Хелпикс

Главная

Контакты

Случайная статья





XVII Первая луковичка



XVII Первая луковичка

На следующий день Роза пришла с библией Корнеля де Витта.

Тогда началась между учителем и ученицей одна из тех очаровательных сцен, какие являются радостью для романиста, если они, на его счастье, попадают под его перо.

Окошечко, единственное отверстие, которое служило для общения влюбленных, было слишком высоко, чтобы молодые люди, до сих пор довольствовавшиеся тем, что читали на лицах друг у друга всё, что им хотелось сказать, могли с удобством читать книгу, принесенную Розой.

Вследствие этого молодая девушка была вынуждена опираться на окошечко, склонив голову над книгой, которую она держала на уровне фонаря, поддерживаемого правой рукой. Чтобы рука не слишком уставала, Корнелиус придумал привязывать фонарь носовым платком к решетке. Таким образом Роза, водя пальцем по книге, могла следить за буквами и слогами, которые заставлял ее повторять Корнелиус. Он, вооружившись соломинкой, указывал буквы своей внимательной ученице через отверстие решетки.

Свет фонаря освещал румяное личико Розы, ее глубокие синие глаза, ее белокурые косы под потемневшим золотым чепцом, — головным убором фрисландок. Ее поднятые вверх пальчики, от которых отливала кровь, становились бледно-розовыми, прозрачными, и их меняющаяся окраска словно вскрывала таинственную жизнь, пульсирующую у нас под кожей.

Способности Розы быстро развивались под влиянием живого ума Корнелиуса, и когда затруднения казались слишком большими, то их углубленные друг в друга глаза, их соприкоснувшиеся ресницы, их смешивающиеся волосы испускали такие электрические искры, которые способны были осветить даже самые непонятные слова и выражения.

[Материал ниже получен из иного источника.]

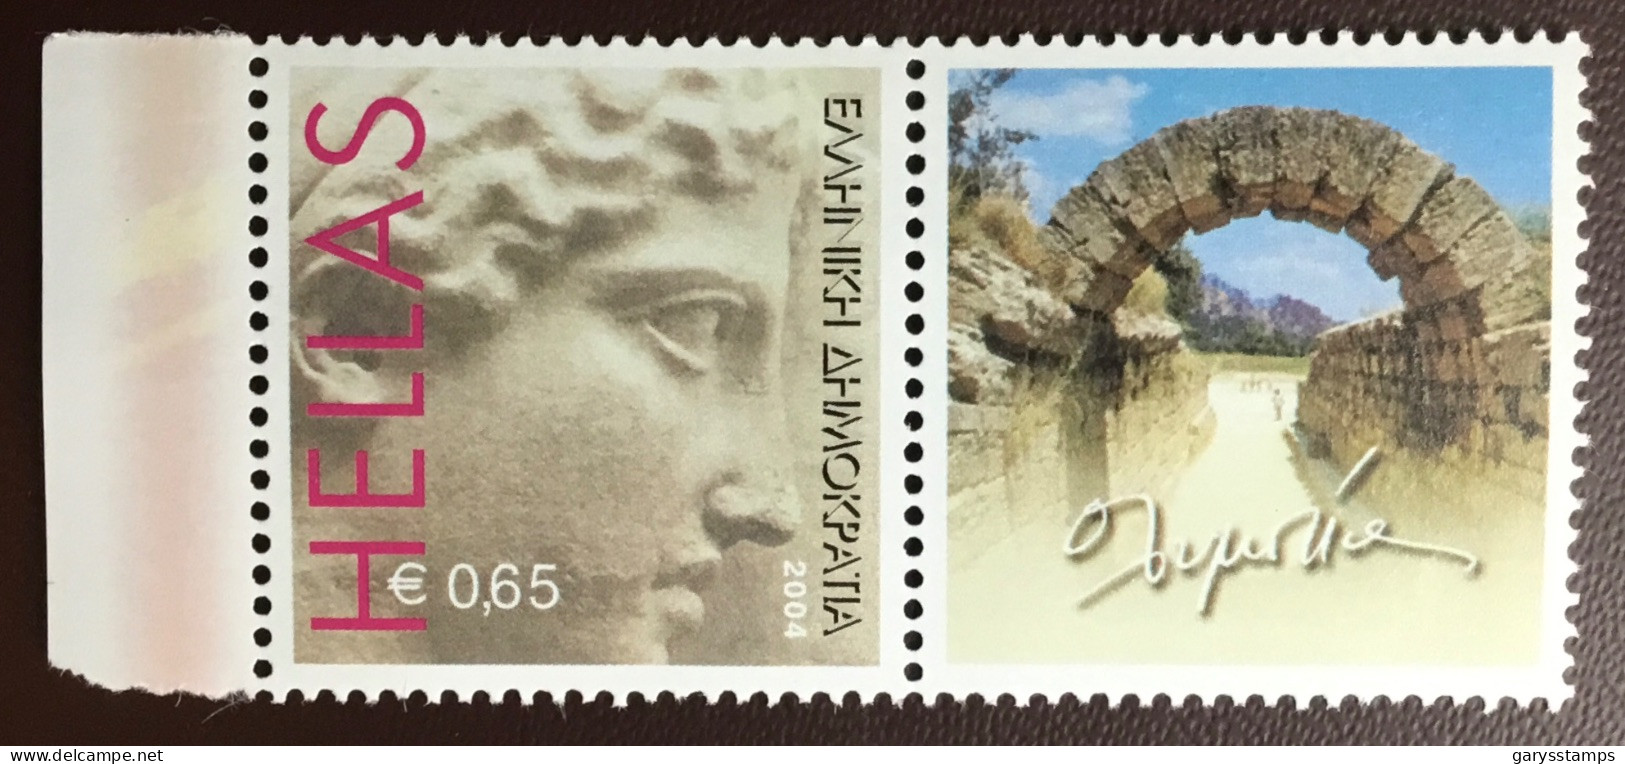 Greece 2003 Greetings Stamp MNH - Unused Stamps
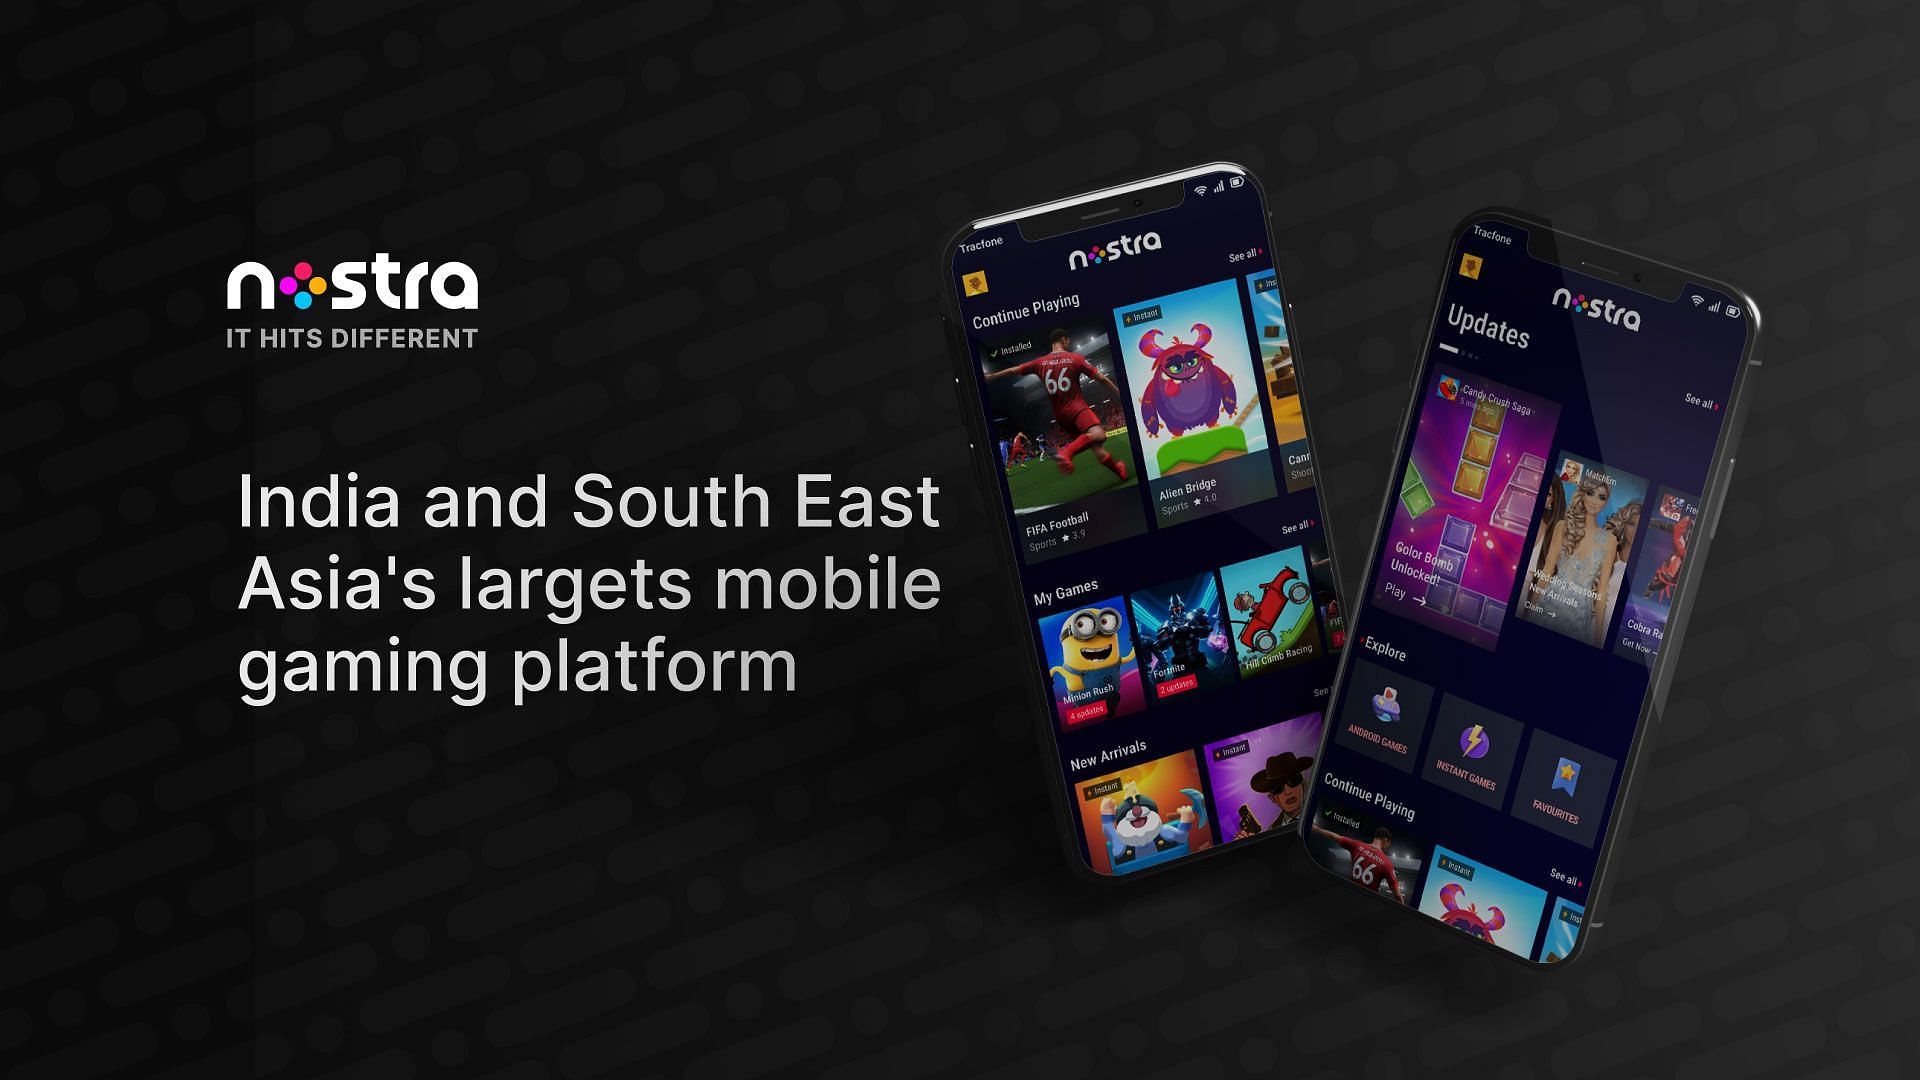 Nostra has announced new ways for gamers to catch all the entertainment (Image via Nostra)

И Роза, спустившись к себе, повторяла одна в памяти данный ей урок чтения и одновременно в своем сердце тайный урок любви.

Однажды вечером она пришла на полчаса позднее обычного.

Запоздание на полчаса было слишком большим событием, чтобы Корнелиус раньше всего не справился о его причине.

— О, не браните меня, — сказала девушка: — это не моя вина. Отец возобновил в Левештейне знакомство с одним человеком, который часто приходил к нему в Гааге с просьбой показать ему тюрьму. Это славный парень, большой любитель выпить, который рассказывает веселые истории и, кроме того, щедро платит и никогда не останавливается перед издержками.

— С другой стороны вы его не знаете? — спросил изумленный Корнелиус.

— Нет, — ответила молодая девушка, — вот уже около двух недель, как мой отец пристрастился к новому знакомому, который нас усердно посещает.

— О, — заметил Корнелиус, с беспокойством покачивая головой, так как каждое новое событие предвещало ему какую-нибудь катастрофу, — это, вероятно, один из тех шпионов, которых посылают в крепости для наблюдения и за заключенными и за их охраной.

— Я думаю, — сказала Роза с улыбкой, — что этот славный человек следит за кем угодно, но только не за моим отцом.

— За кем же он может здесь следить?

— А за мной, например.

— За вами?

— А почему бы и нет? — сказала смеясь девушка.

— Ах, это правда, — заметил, вздыхая, Корнелиус, — не все же ваши поклонники, Роза, должны уходить ни с чем; этот человек может стать вашим мужем.

— Я не говорю: “нет”.

— А на чем вы основываете эту радость?

— Скажите, это опасение, господин Корнелиус…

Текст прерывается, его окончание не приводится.